MFTE Changes to Increase Affordability and Number of Rent Controlled Units in Some SEDUs

Home » MFTE Changes to Increase Affordability and Number of Rent Controlled Units in Some SEDUs

On Monday, the Full City Council approved a change to the Multifamily Housing Property Tax Exemption Program (MFTE) for developments of Small Efficiency Dwelling Unit (SEDUs), sometimes called Apodments or microhousing.

 
The MFTE program exempts property owners from paying a portion of their property tax when they agree to provide income-restricted units (what I call “setaside units”) below a particular Area Median Income (AMI), depending upon bedroom number, for a period of 12-years.

 
The primary purpose of the bill, proposed by Councilmember Clark, was to lower the rents that could be charged for the “setaside units.” The legislation set a maximum rental for the setaside units at $618/month, about $400 less a month in rent than what is currently required, and affordable to a 40% AMI renter.

 
I successfully included another important amendment to increase the number of setaside units. The MFTE program currently requires that 1 in 5 units be income-restricted. Over the years of the MFTE program’s existence, I have strived to make the MFTE program to include greater benefit to the public, see here, here, here, here, and here. The portion of the tax bill that the owner of an MFTE development gets to forgo is redistributed in each of our own tax bills. The tax still gets collected, but the regular taxpayer picks up the value of the exemption. The bill passed unanimously, including my amendment to increase the number of income-restricted units in SEDU developments using MFTE to 1 in 4 units.

 
City Council will be reviewing additional program-wide changes to the MFTE later this year after receiving the Housing Affordability and Livability Agenda (HALA) committee recommendations.

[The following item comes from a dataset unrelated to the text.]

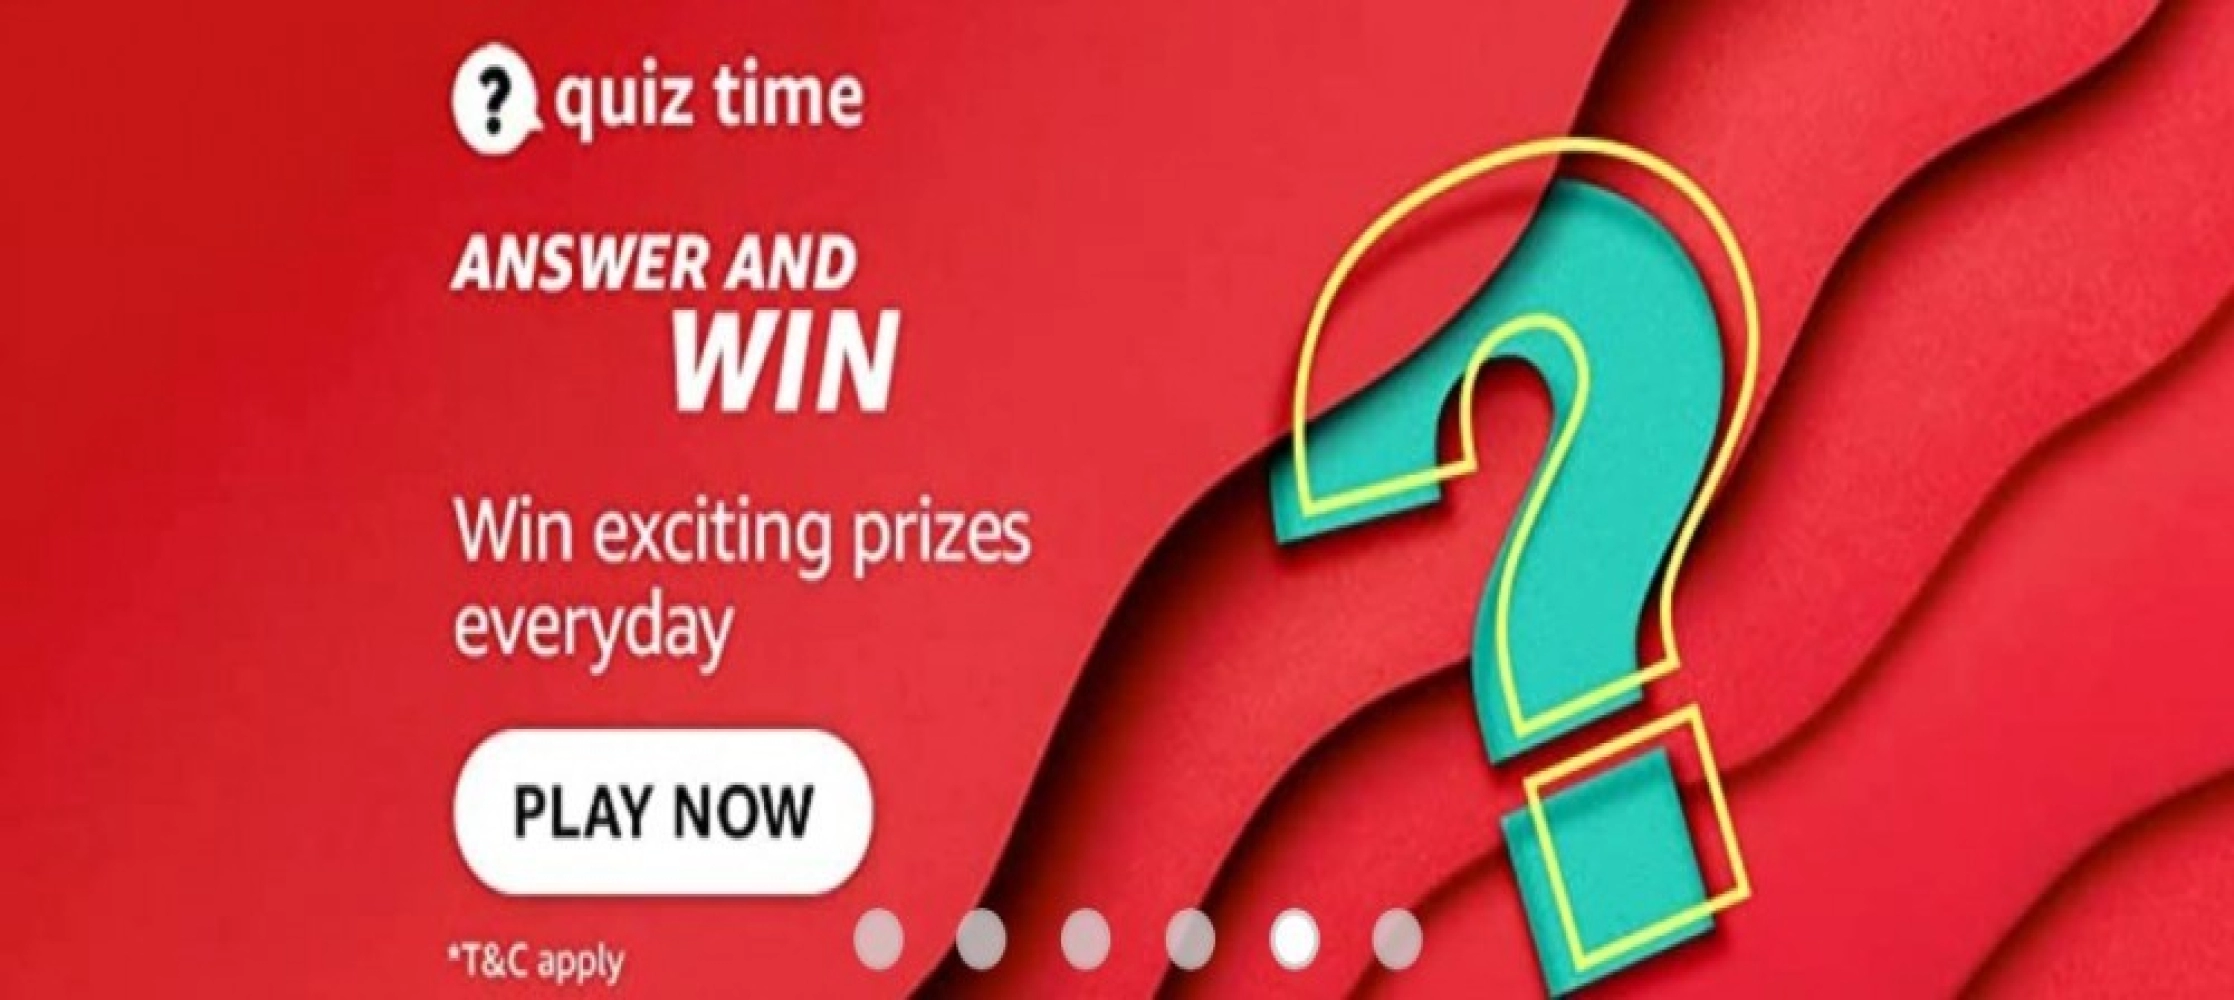 AMAZON QUIZ CONTEST: 30 MAY, 2022 - ANSWER TODAY FOR THE QUESTIONS AND GET A CHANCE TO WIN AMAZON PAY RS.1,000

There are a number of other issues related to the MFTE program that I identified in Resolution 31494, sponsored by Chair Clark and I, and currently referred to CHAHSER. That resolution was spurred by a 2012 Audit that found:

  1. Most of the [MFTE Program’s] goals do not have associated performance measures and because there are no performance measures it is difficult to determine whether or when certain goals are being achieved; and
  2. It is not clear that the MFTE Program stimulates development and that as of 2010, more than 40% of the RTAs with 2024 residential growth targets had exceeded 50 percent of their growth targets with 14 years left to achieve the balance; and
  3. The City should consider whether stimulating construction is an appropriate MFTE program goal, which can be measured and assessed for compliance and whether it wants to limit the number of Residential Targeted Areas where MFTE housing can be built to areas that have made little progress in meeting their residential growth targets and could benefit from housing, economic development and revitalization.

 
I understand that these broader issues will be discussed at a later date after the Mayor and Council’s HALA Committee makes its recommendations in May. I look forward to that discussion.